■ AVAILABLE DATA:
___

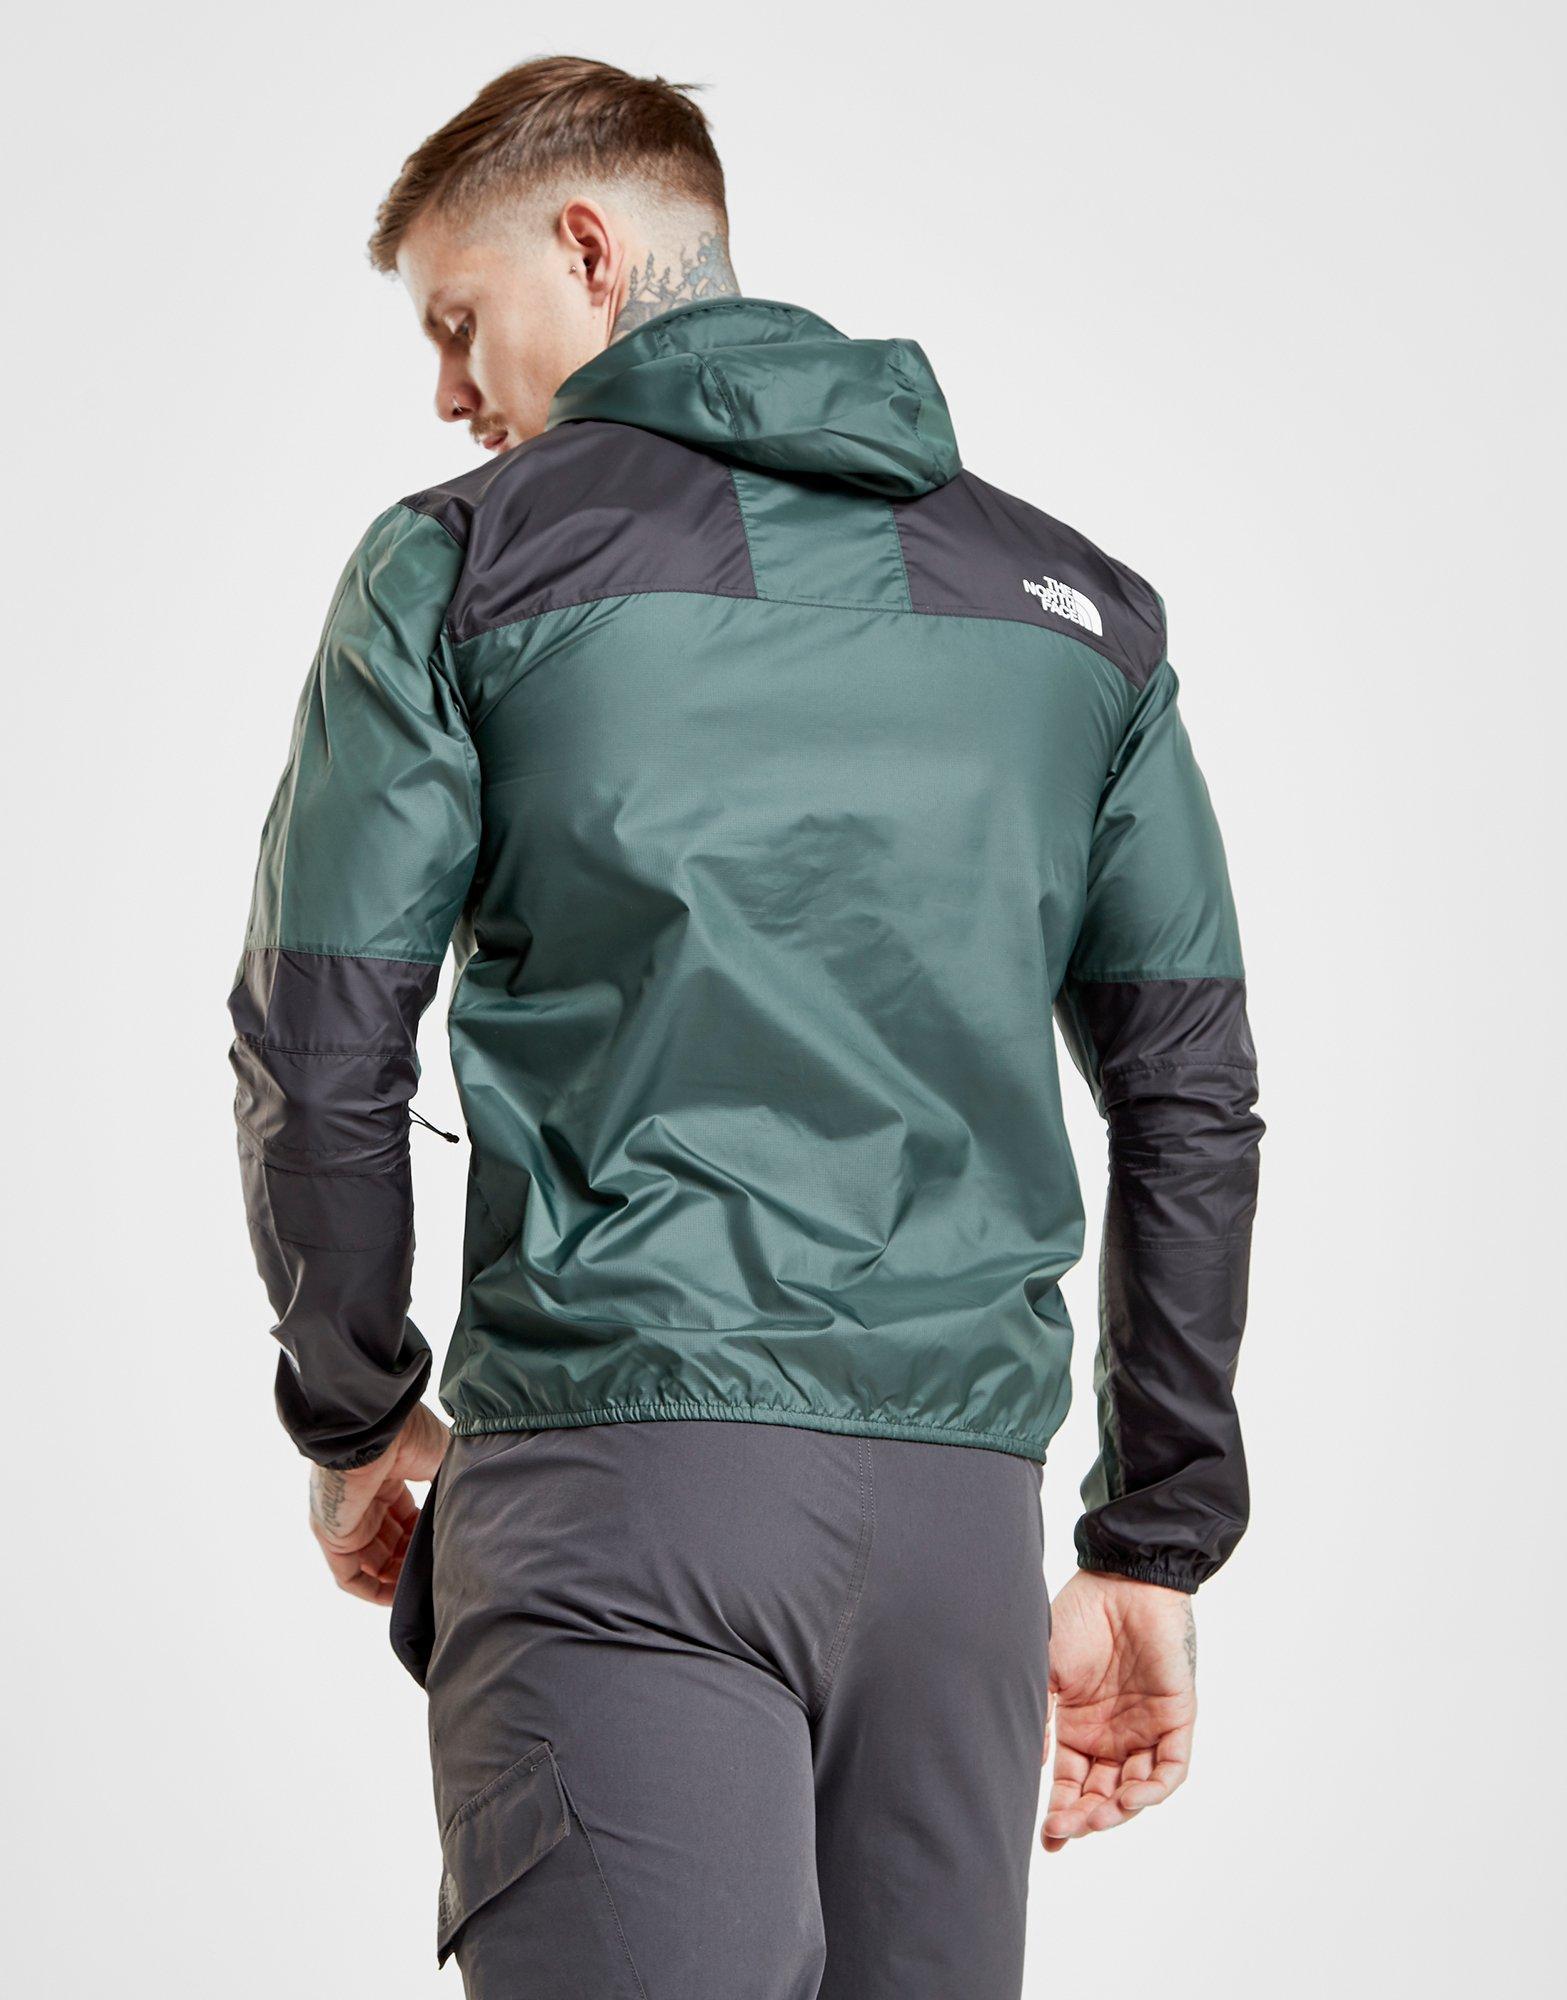 The North Face $1985 Jacket Jungle/ in Green/Black (Green) for Men - Lyst
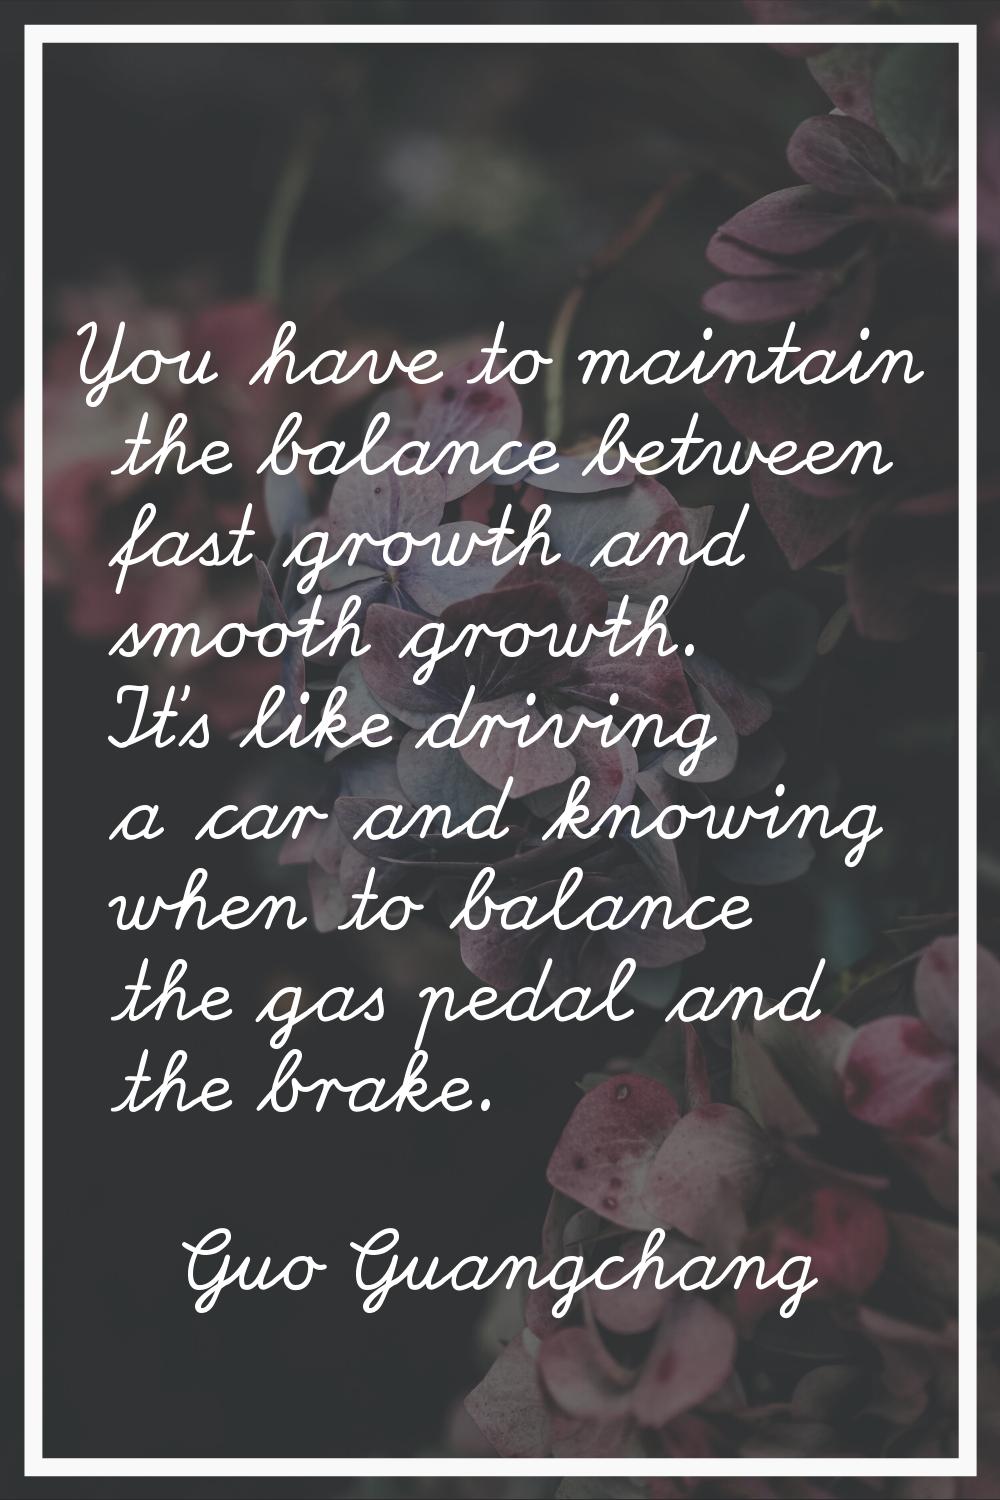 You have to maintain the balance between fast growth and smooth growth. It's like driving a car and
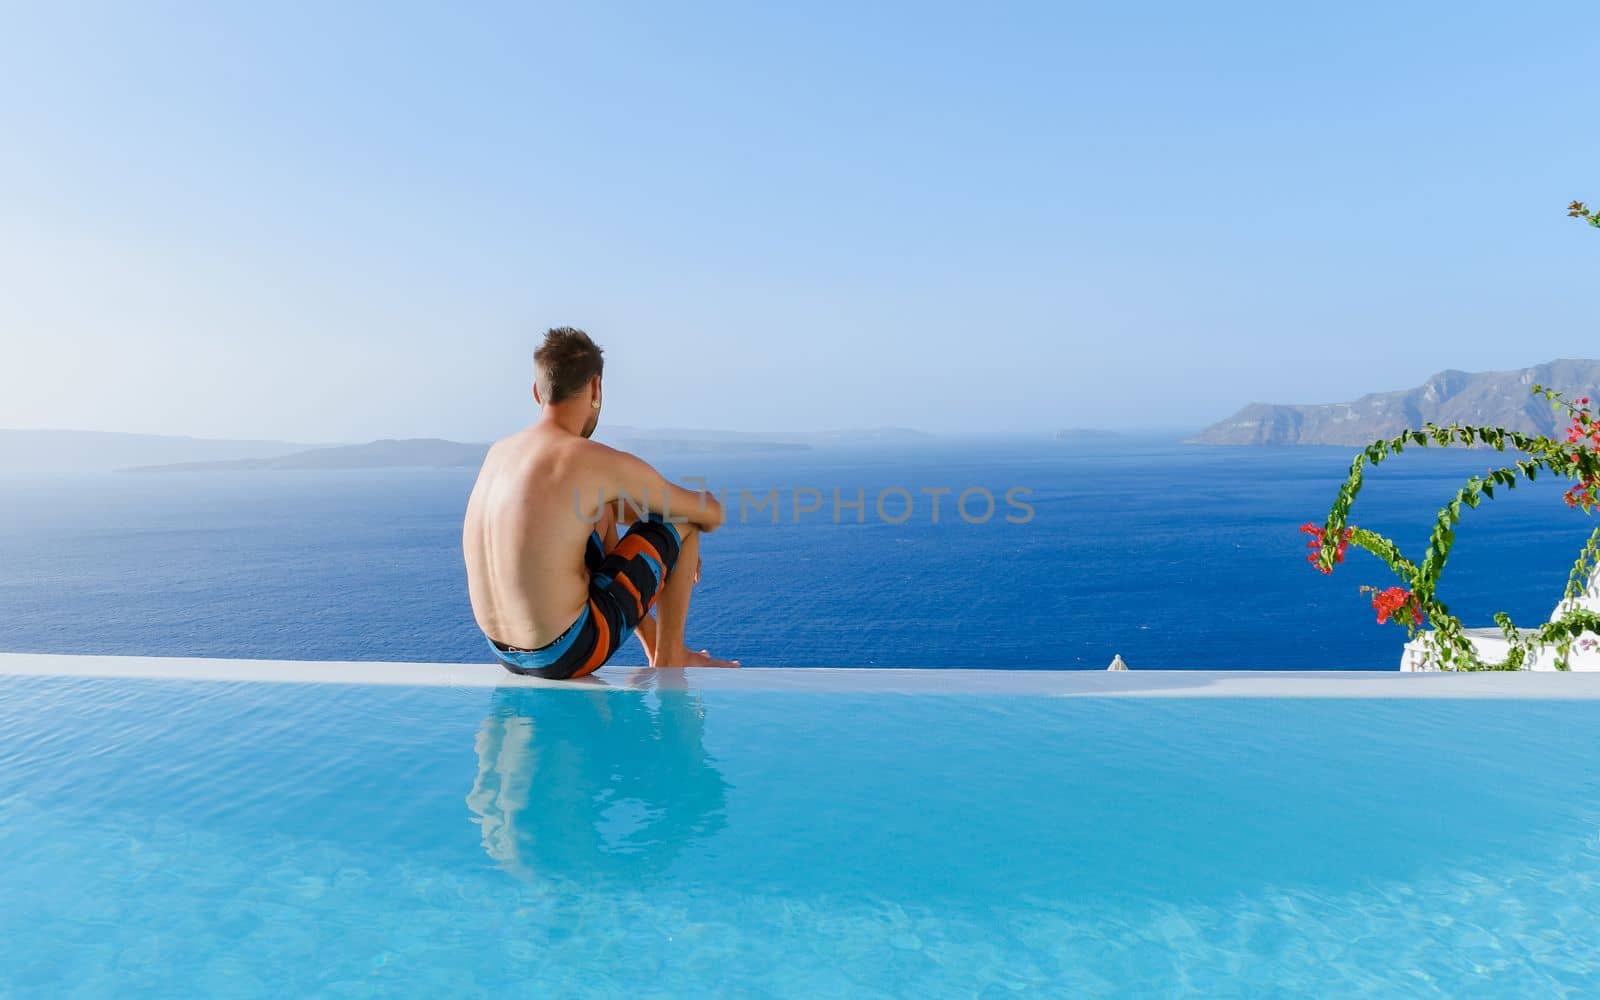 men relaxing in an infinity swimming pool during vacation at Santorini, swimming pool looking out over the Caldera ocean of Santorini, Oia Greece, Greek Island Aegean Cyclades luxury vacation.
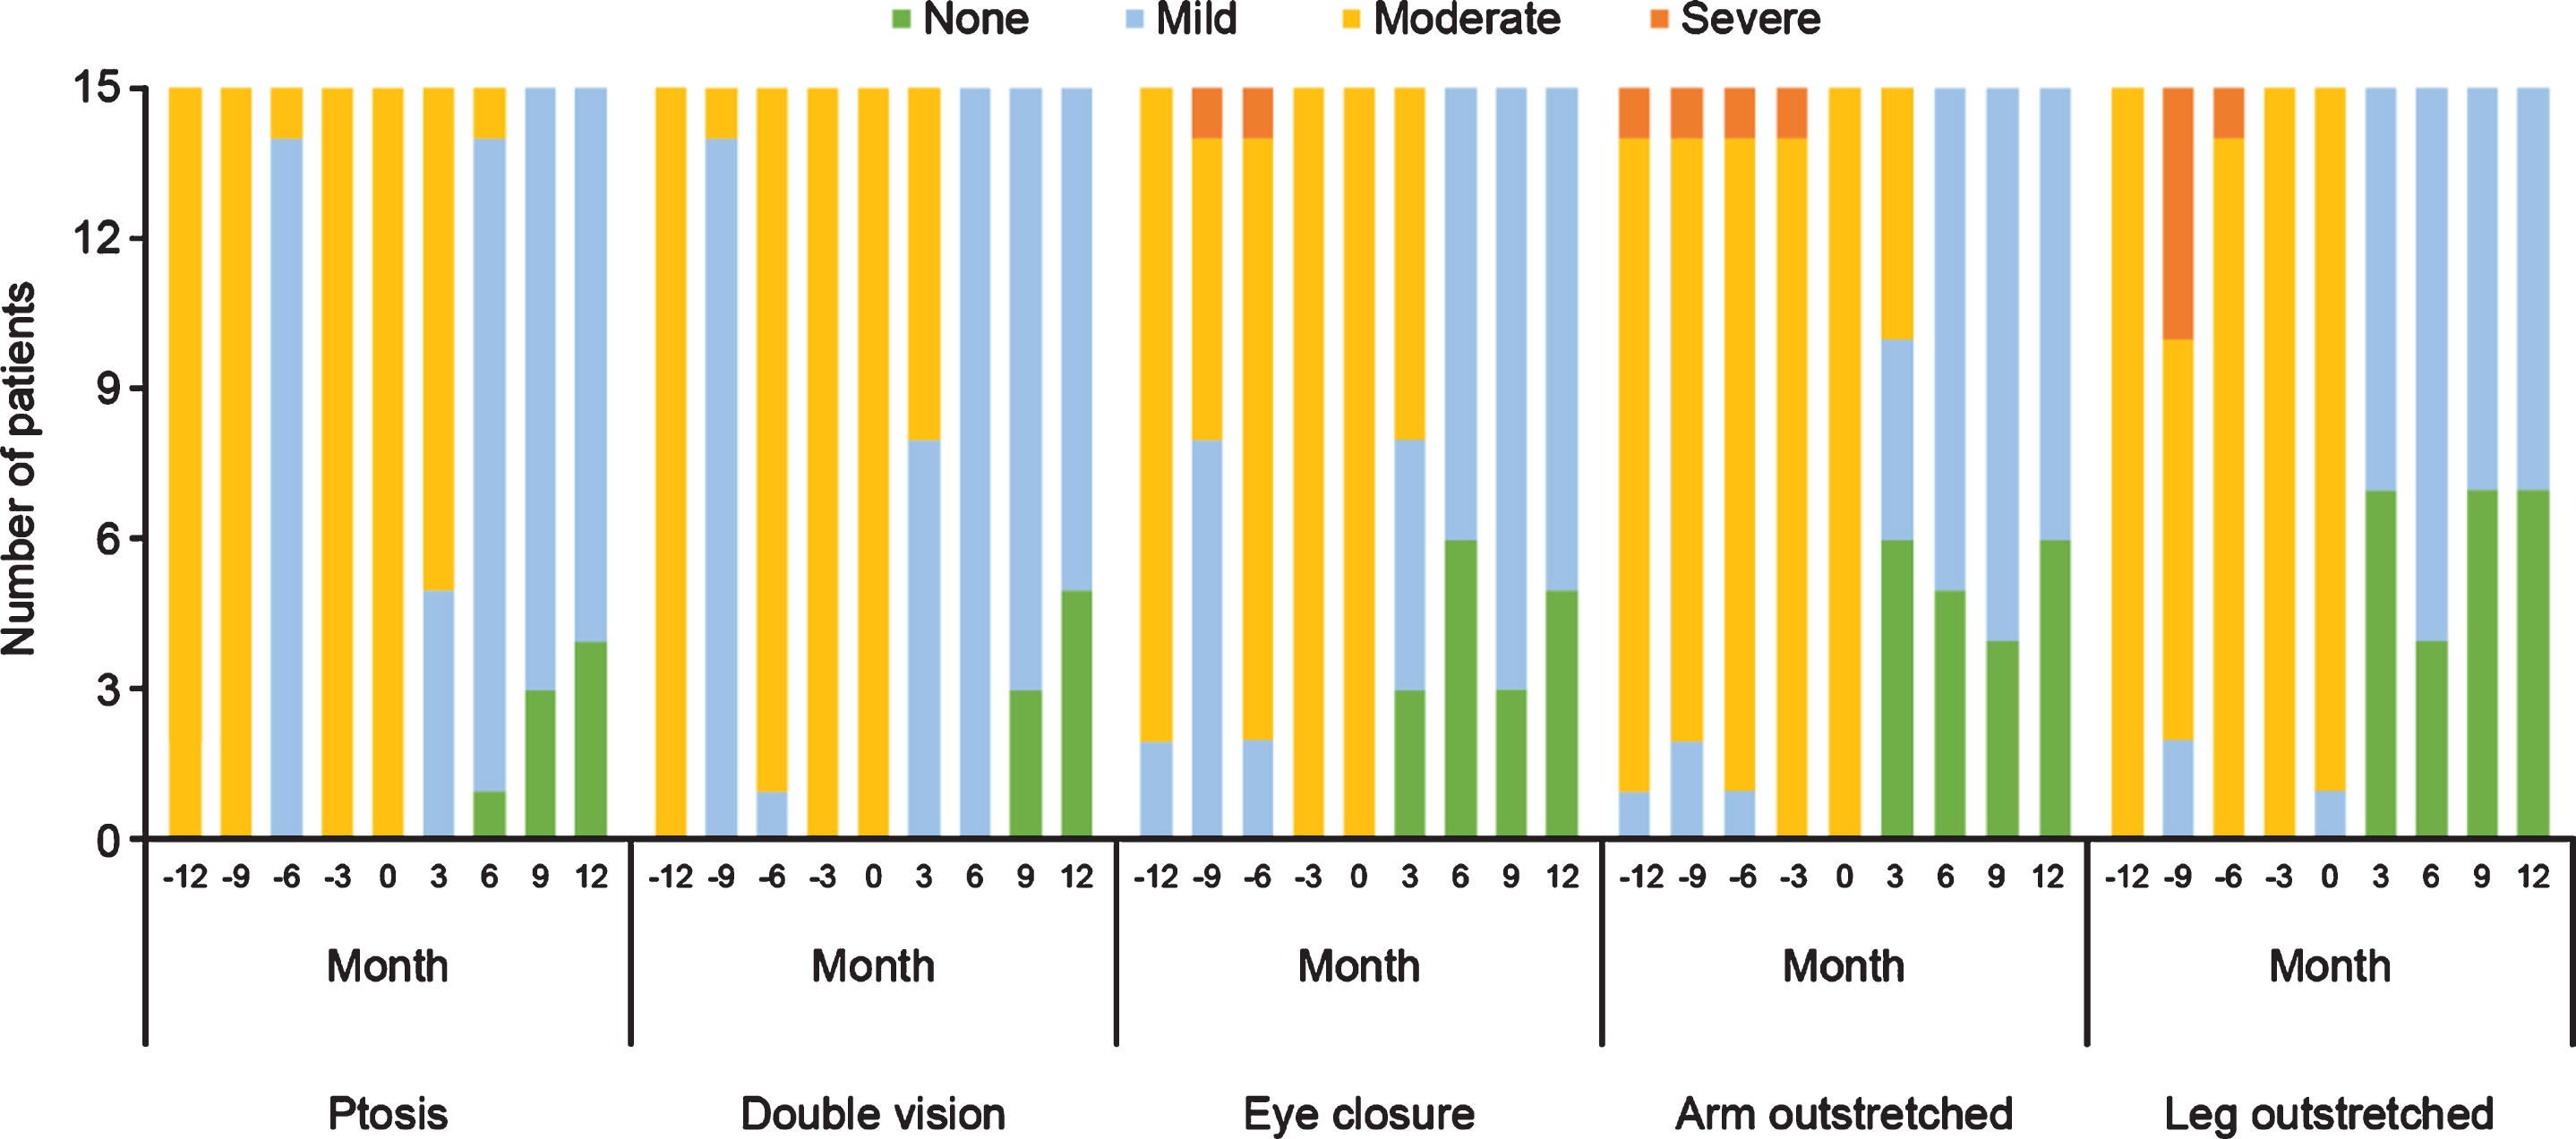 Qualitative physical assessments of selected items from the QMG evaluation before and during treatment with eculizumab in patients with acetylcholine receptor antibody-positive generalized myasthenia gravis (n = 15). QMG, Quantitative Myasthenia Gravis.

___

■ PROBLEM REQUIREMENTS:
Exact repetition of the data is needed, with no images retained.

■ WRITTEN SOLUTION:
 The North Face $1985 Jacket Jungle/ in Green/Black (Green) for Men - Lyst
 You have to maintain the balance between fast growth and smooth growth. It's like driving a car and
 men relaxing in an infinity swimming pool during vacation at Santorini, swimming pool looking out over the Caldera ocean of Santorini, Oia Greece, Greek Island Aegean Cyclades luxury vacation.
 Qualitative physical assessments of selected items from the QMG evaluation before and during treatment with eculizumab in patients with acetylcholine receptor antibody-positive generalized myasthenia gravis (n = 15). QMG, Quantitative Myasthenia Gravis.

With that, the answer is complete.